To her relief, Wyve turned away from the chronorb. “Ask Keegan to show me what he wrote during our meeting, would you?” he requested.

She turned to the historian. “The Director would like to see your writings, if you have no objection.”

Without hesitation, Keegan opened his notebook and set it within easy reach.

The Director extended one of his big hands over the notebook, then flexed his fingers. 

Gredin bit back a gasp as the roughened skin at the end of each finger parted slightly, allowing a slender tip to emerge. The unprotected tips were pink and uncalloused, and Wyve utilized those tips with delicacy to turn the topmost page, and then the next. Peering at the notebook, he murmured, “Intriguing. I was unaware that Vennans had such an intricate form of written language. Until now, I have only seen your number system, on the forms your Traders fill out for the station.”

Gredin translated that explanation for Keegan.

Wyve pointed at the little cloth roll in Keegan’s hand. “Is that where he keeps his—” And he used a Prettian term that meant nothing to her.

“Your pardon,” Gredin said. “I don’t understand that word.”

“The thing with which he makes these marks.”

She nodded and turned again to Keegan. “He would like to see your reed pen and, I suppose, your ink vial.”

Keegan unpacked them from the roll.

“Ask him,” Wyve said, “to make the marks that represent his name.”

“Keegan, the Director would like you to write ‘Keegan te Fliss’ on the page.”

Keegan wrote out his name and then said it aloud, pointing to each word in turn.

Wyve seemed surprised. “It is what, that little word in the center?”

Gredin pondered how best to explain. Pointing, she said, “The first word is ‘Keegan,’ which is his name, just as I am called Gredin and you are called Wyve. And the last, ‘Fliss,’ is the name of his House. The little one between…I suppose you would render it as ‘of.’ You are Wyve of Tradepoint. He is Keegan of Fliss.”

“‘Of,’” Wyve said on a note of quiet wonder. “Imagine. I have heard Vennans speak their names for many a sectora, here on Tradepoint, and yet I never realized… Well! I consider this meeting to be a success, for I have learned something new about you all.” He nodded toward Keegan. “Tell him to watch, now, and he will see how his name appears in Prettian.”

“The Director says that he will show you how he writes your name in his language.”

But what Wyve demonstrated was far more surprising than that. He used no paper, no reed pen, no ink.

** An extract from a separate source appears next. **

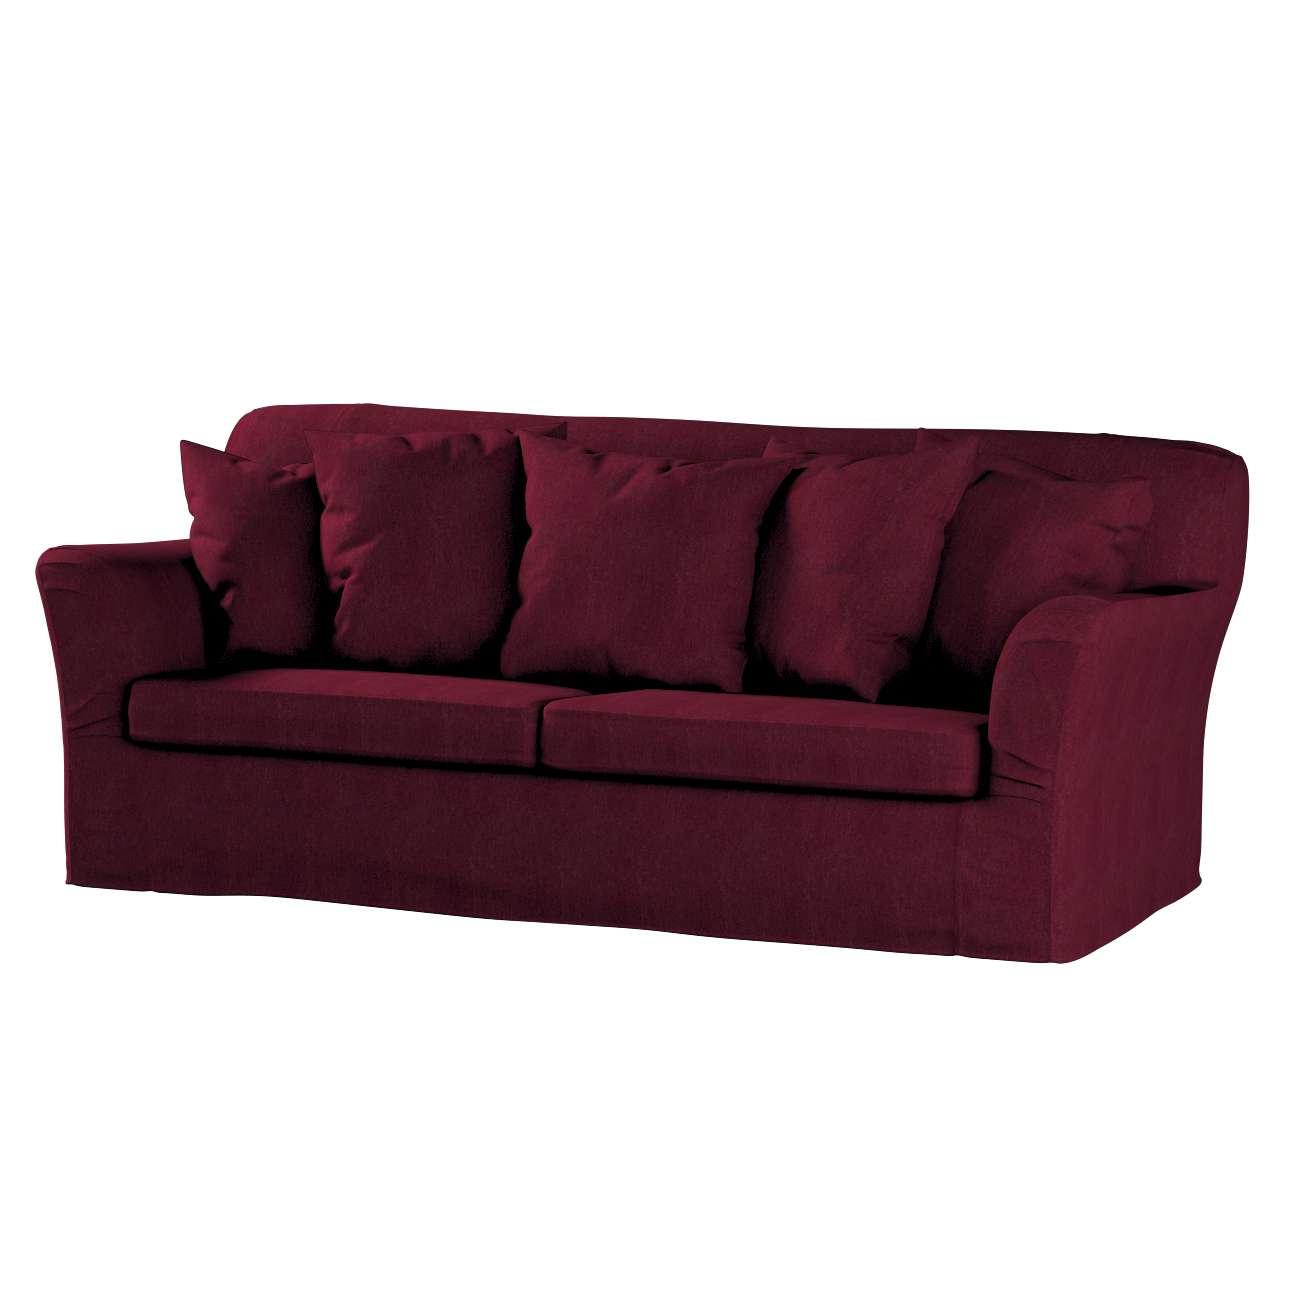 Pokrowiec na sofę Tomelilla 3-osobową rozkładaną w kolekcji Chenille, tkanina: 702-19

Instead, he touched a particular spot on the tabletop and the surface came to life, glowing softly as it showed a number of small rectangles. “Each of these shapes represents one of those benches,” he said, with a nod toward the room in which they stood. “I have not erased the settings from our meeting yet, so you can see which benches sat empty and which were occupied. Gredin, you stood there,” he said, pointing, and she saw a cluster of lighted symbols glowing behind that particular rectangle.

“Is that my name?” she asked.

“No,” Wyve said, with a rumbling chuckle, “because, as you may recall, you would not tell me what it was. What I have written there is ‘translator.’ But tell Keegan to look here, at his bench, which we moved. This is his name, as best I understood it at the time, and a further notation that he had come in the role of historian.”

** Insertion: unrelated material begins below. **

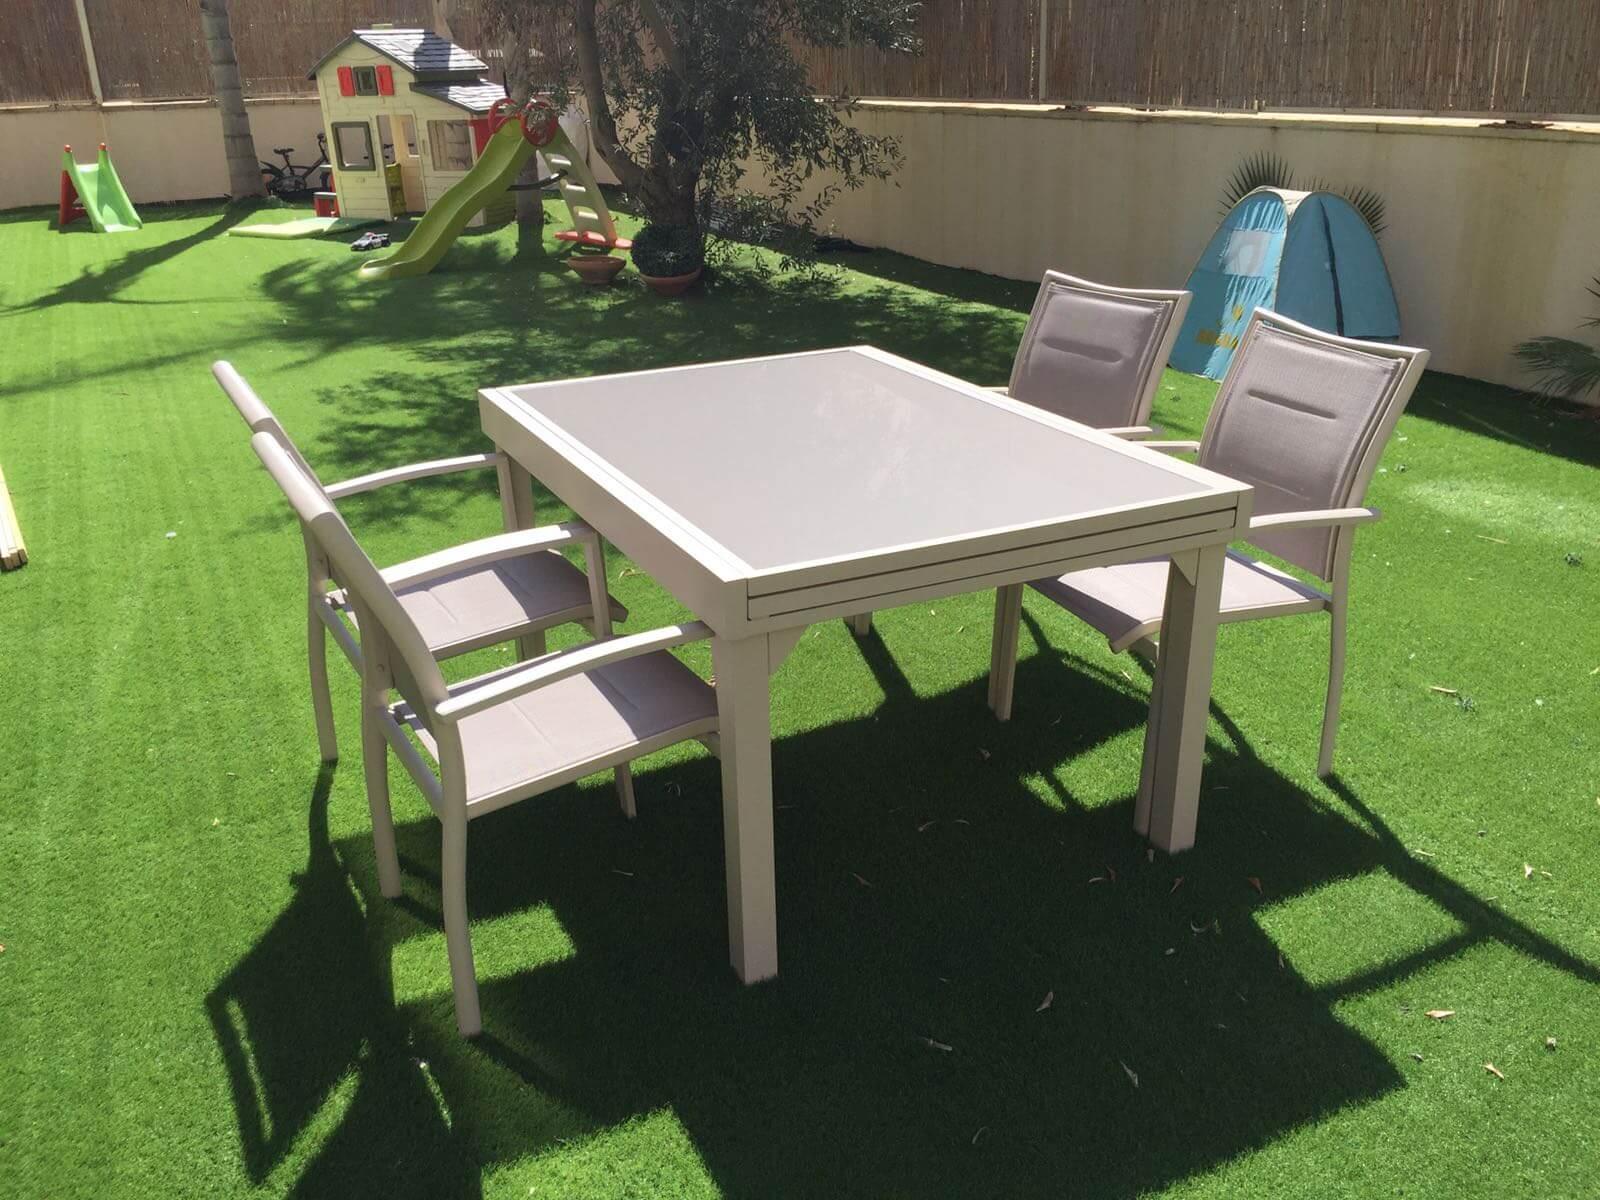 שולחן אלומיניום נפתח 100x135/270 צבע בז' + 4 כסאות מרופדים

When Gredin translated Wyve’s words, Keegan leaned in closer to peer at the glowing symbols. “May I copy those down?” he asked.

Gredin conveyed the request, which Wyve granted with apparent good cheer. “Of course. I thought it might please him to do so.”

It was all a puzzle to Gredin. She understood how ink could make a mark upon paper. She was far less sure how Wyve had created the symbols that glowed on the surface of his desk, and equally surprised when, after Keegan finished copying, a further touch from Wyve caused all of the symbols to vanish.

But she made no comment. It was not the first thing about Tradepoint to astonish and bewilder her, and she doubted whether it would be the last.